(Records drawn from a dataset)

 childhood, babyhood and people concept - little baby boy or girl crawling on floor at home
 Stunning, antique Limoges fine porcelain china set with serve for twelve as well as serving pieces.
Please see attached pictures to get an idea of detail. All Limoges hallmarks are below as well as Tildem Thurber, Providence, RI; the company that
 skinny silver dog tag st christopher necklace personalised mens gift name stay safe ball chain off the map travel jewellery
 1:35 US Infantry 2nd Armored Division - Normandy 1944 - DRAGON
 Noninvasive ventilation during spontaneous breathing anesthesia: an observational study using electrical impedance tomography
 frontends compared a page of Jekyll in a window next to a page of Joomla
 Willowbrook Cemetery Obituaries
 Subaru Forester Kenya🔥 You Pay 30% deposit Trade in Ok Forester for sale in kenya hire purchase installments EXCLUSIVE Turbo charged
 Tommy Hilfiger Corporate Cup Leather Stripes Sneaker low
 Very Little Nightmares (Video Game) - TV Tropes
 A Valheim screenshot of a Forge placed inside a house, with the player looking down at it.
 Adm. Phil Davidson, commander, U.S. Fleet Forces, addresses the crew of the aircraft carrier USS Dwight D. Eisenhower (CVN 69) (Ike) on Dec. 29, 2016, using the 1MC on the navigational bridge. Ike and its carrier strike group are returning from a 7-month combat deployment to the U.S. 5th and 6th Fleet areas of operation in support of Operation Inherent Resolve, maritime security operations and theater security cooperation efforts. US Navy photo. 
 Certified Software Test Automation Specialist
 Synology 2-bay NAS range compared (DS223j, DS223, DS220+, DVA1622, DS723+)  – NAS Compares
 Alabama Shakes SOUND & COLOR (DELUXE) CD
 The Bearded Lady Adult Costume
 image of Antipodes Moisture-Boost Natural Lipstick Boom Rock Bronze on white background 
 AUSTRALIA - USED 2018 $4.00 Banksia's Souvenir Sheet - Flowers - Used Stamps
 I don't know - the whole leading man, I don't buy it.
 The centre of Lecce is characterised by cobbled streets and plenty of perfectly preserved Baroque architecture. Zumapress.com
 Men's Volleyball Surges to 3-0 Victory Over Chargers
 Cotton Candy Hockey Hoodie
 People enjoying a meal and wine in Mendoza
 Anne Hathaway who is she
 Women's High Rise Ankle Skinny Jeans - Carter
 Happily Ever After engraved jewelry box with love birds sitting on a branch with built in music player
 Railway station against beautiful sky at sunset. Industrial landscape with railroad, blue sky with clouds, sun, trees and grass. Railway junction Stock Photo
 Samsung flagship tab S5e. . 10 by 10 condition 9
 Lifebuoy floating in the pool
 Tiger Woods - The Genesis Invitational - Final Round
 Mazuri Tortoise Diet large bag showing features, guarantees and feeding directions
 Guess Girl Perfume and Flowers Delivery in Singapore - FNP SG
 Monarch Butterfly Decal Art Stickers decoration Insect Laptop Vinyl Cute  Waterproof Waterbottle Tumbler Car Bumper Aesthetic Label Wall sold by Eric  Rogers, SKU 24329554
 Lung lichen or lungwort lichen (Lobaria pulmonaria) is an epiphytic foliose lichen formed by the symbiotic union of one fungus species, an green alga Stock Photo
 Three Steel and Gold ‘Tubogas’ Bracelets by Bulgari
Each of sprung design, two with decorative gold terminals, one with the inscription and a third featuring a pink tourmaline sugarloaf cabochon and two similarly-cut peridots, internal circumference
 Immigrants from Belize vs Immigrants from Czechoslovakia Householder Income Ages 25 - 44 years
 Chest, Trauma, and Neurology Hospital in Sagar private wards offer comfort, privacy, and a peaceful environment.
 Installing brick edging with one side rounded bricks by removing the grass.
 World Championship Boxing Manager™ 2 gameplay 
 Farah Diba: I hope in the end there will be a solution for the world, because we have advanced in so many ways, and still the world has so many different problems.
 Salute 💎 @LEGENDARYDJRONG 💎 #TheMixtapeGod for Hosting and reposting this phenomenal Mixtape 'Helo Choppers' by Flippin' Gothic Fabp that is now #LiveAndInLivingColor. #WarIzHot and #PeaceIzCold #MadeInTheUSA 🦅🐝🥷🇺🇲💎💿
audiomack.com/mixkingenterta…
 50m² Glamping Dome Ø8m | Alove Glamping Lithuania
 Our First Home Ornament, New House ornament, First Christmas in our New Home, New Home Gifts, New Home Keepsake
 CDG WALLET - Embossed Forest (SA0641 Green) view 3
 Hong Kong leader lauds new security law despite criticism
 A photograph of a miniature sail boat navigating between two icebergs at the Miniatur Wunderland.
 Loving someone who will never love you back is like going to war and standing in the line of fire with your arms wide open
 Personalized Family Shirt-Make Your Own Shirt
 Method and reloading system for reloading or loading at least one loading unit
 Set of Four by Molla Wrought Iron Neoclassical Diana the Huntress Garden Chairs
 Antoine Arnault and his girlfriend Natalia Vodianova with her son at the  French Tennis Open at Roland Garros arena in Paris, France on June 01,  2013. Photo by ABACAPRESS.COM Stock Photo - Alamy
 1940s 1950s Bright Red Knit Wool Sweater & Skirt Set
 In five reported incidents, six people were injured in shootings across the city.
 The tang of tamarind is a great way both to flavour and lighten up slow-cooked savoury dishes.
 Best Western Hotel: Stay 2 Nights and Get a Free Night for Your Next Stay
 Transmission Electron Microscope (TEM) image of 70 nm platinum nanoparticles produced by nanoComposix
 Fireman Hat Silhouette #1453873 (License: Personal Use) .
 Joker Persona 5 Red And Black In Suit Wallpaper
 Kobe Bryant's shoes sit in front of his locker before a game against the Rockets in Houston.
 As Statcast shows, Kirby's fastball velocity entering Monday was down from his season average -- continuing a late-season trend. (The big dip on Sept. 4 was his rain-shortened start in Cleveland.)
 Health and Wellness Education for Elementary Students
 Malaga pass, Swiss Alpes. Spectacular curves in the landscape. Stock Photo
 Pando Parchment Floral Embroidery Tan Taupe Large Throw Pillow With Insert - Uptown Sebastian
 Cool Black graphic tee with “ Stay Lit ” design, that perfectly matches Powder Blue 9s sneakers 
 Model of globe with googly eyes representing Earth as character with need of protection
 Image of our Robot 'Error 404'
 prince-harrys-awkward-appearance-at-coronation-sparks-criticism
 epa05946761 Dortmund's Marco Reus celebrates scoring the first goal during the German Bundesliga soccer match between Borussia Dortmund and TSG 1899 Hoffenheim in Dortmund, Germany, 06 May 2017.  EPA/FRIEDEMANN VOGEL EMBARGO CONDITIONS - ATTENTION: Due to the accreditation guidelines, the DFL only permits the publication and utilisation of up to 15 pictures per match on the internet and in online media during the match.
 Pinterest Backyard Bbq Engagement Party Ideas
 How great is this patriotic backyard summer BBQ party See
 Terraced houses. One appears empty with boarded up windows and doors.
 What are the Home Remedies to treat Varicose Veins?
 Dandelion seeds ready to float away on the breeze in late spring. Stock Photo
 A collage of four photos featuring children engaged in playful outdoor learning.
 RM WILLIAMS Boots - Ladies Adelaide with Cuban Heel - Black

[Problem]: Lines holding the word "that" should be copied from the entries above.

[Answer to the problem]:
Please see attached pictures to get an idea of detail. All Limoges hallmarks are below as well as Tildem Thurber, Providence, RI; the company that
 Salute 💎 @LEGENDARYDJRONG 💎 #TheMixtapeGod for Hosting and reposting this phenomenal Mixtape 'Helo Choppers' by Flippin' Gothic Fabp that is now #LiveAndInLivingColor. #WarIzHot and #PeaceIzCold #MadeInTheUSA 🦅🐝🥷🇺🇲💎💿
 Cool Black graphic tee with “ Stay Lit ” design, that perfectly matches Powder Blue 9s sneakers 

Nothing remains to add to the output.